第2章 わるいこ
呪霊の腕が振り下ろされる寸前。
空気が重く沈み、視界の端で伏黒くんの身体がわずかに強張るのが分かった。
「……っ!」
「大丈夫だよ。私がちゃんと、サポートするから」
言葉と同時に、身体が勝手に動いていた。
私は反射的に伏黒くんの前へ出て、術式を発動させる。
足元、そして手首から服の裾がほつれ、一本、また一本と糸になって宙へ舞い上がった。
繊維一本一本に呪力を流し込み、指先の感覚だけでそれらを操る。
神経を研ぎ澄ませるたび、世界が少しだけ静かになる。
空気を裂くように糸が走り、呪霊の腕、胴、脚へと絡みつく。
絶対に逃がさない。
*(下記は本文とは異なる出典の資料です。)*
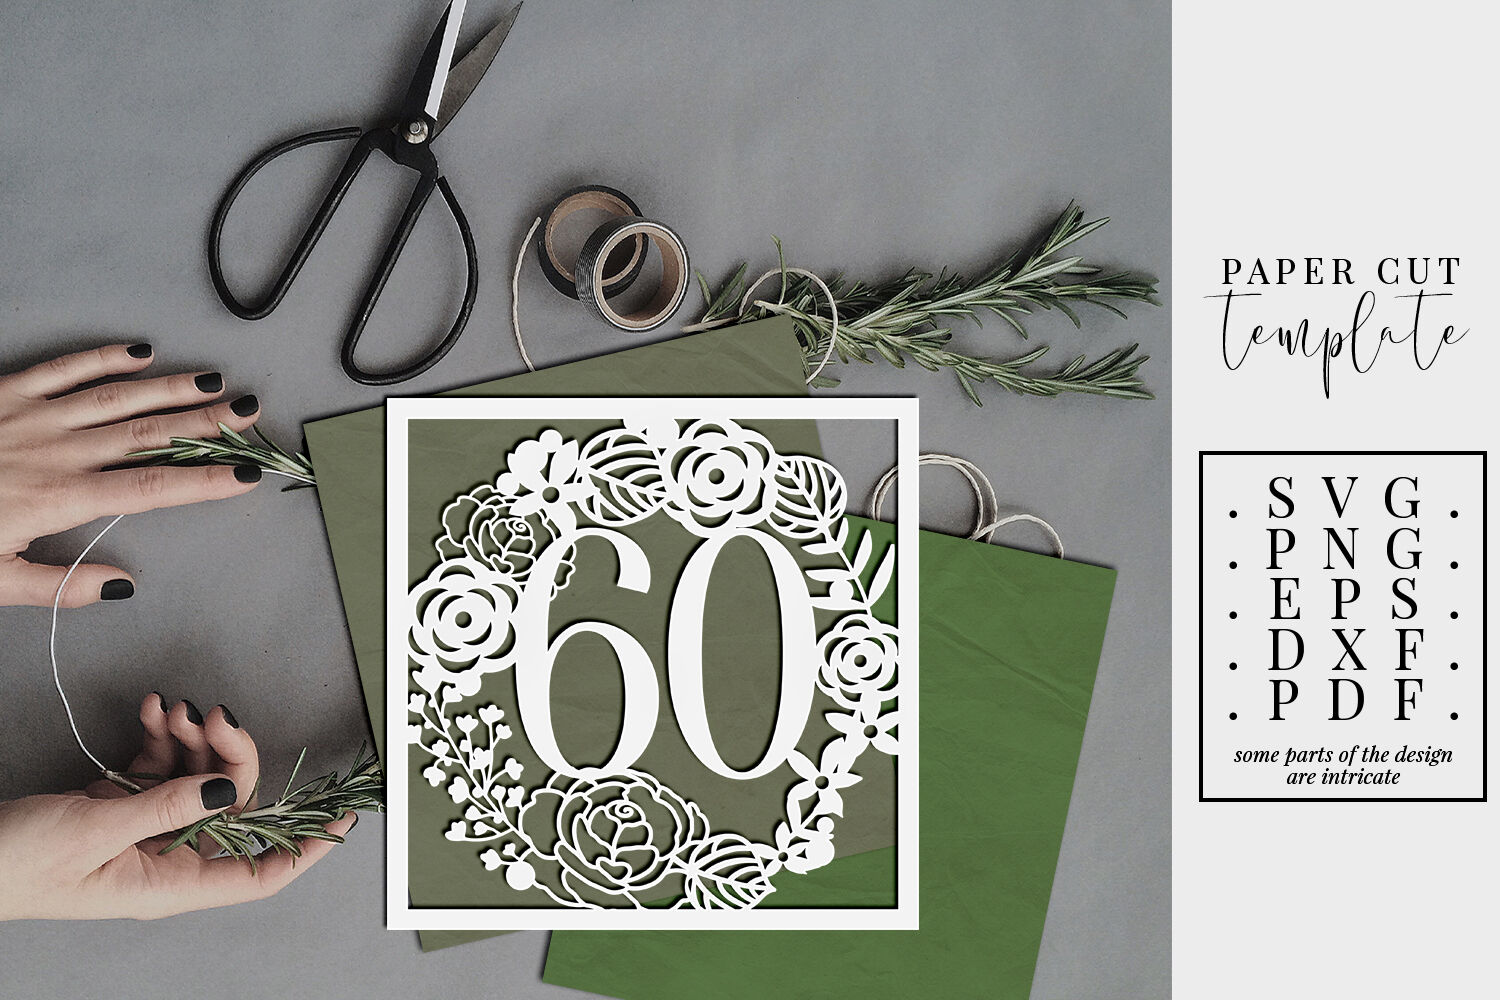 Download 60 Birthday Square Papercut Template, 60th Birthday SVG ...
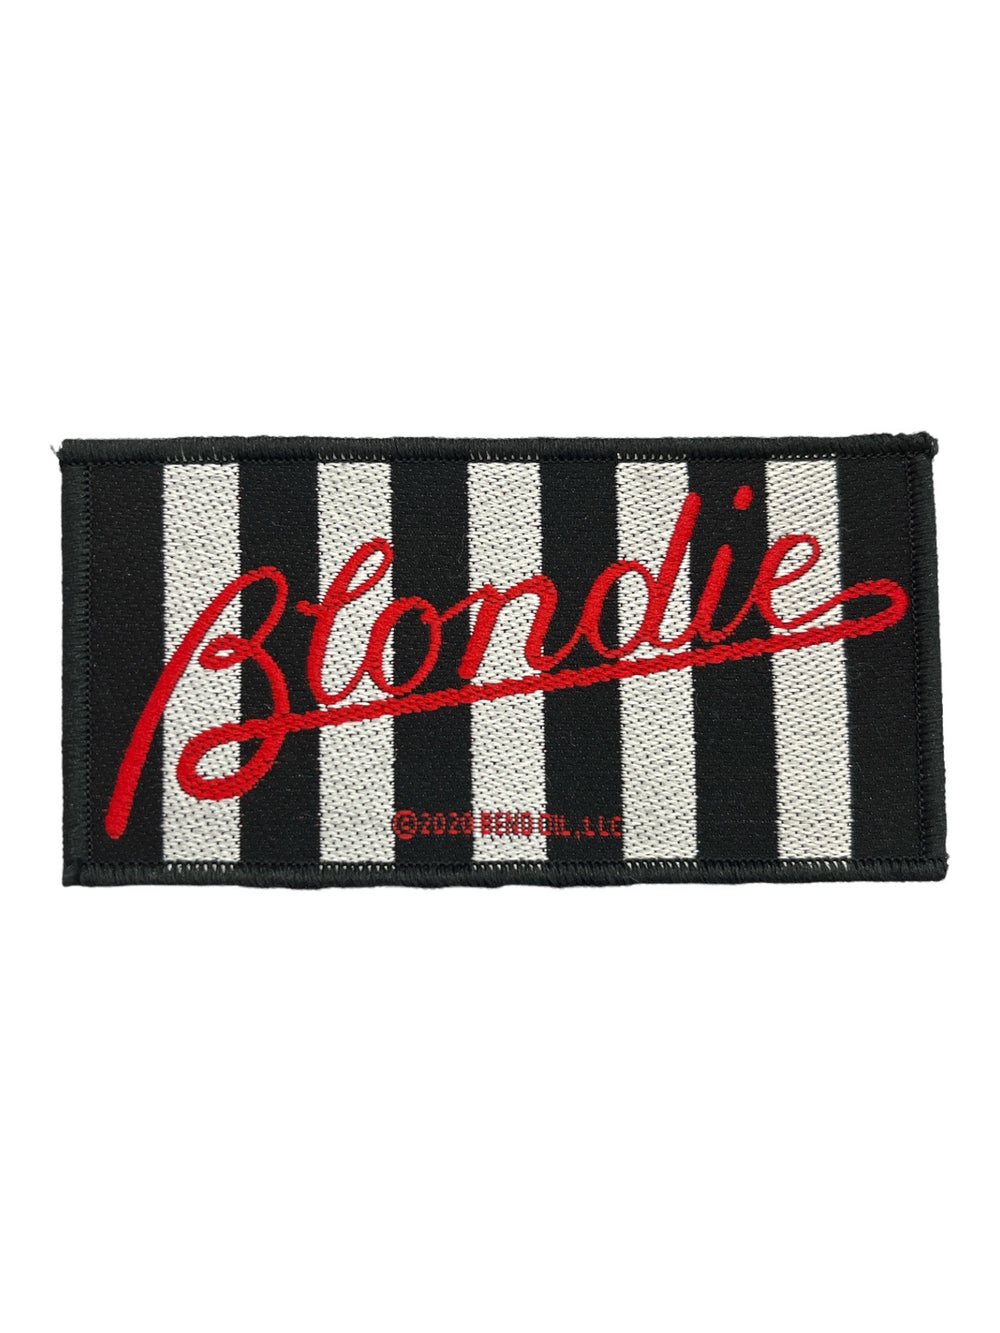 Blondie Stripped Logo Official Woven Patch Brand New

締め上げる力を微調整しながら、動きを完全に封じる。
やがてそれは、呪霊の身体を縛り上げ、一切の自由を奪う蜘蛛の巣となった。
「伏黒くん、今だよ……!」
「……玉犬ッ、」
合図に応えるように、黒い犬が跳ぶ。
鋭い牙が呪霊の脚に食い込み、ブチブチ、と嫌な音を立てながら肉を噛みちぎった。
「わ、……ぁ、食べるんだ……?」
内心の動揺を悟られないように、口元に無理やり笑みを浮かべた。
引きつったその笑顔がどう見えているかなんて、考えないようにして。
「……」
「ふぅ…」
呪霊が完全に動かなくなり、張り詰めていた空気が、ゆっくりと解けていく。
さっきまで耳を刺していた呪力のざわめきが嘘みたいに消えて、代わりに、静寂だけがその場に降り積もった。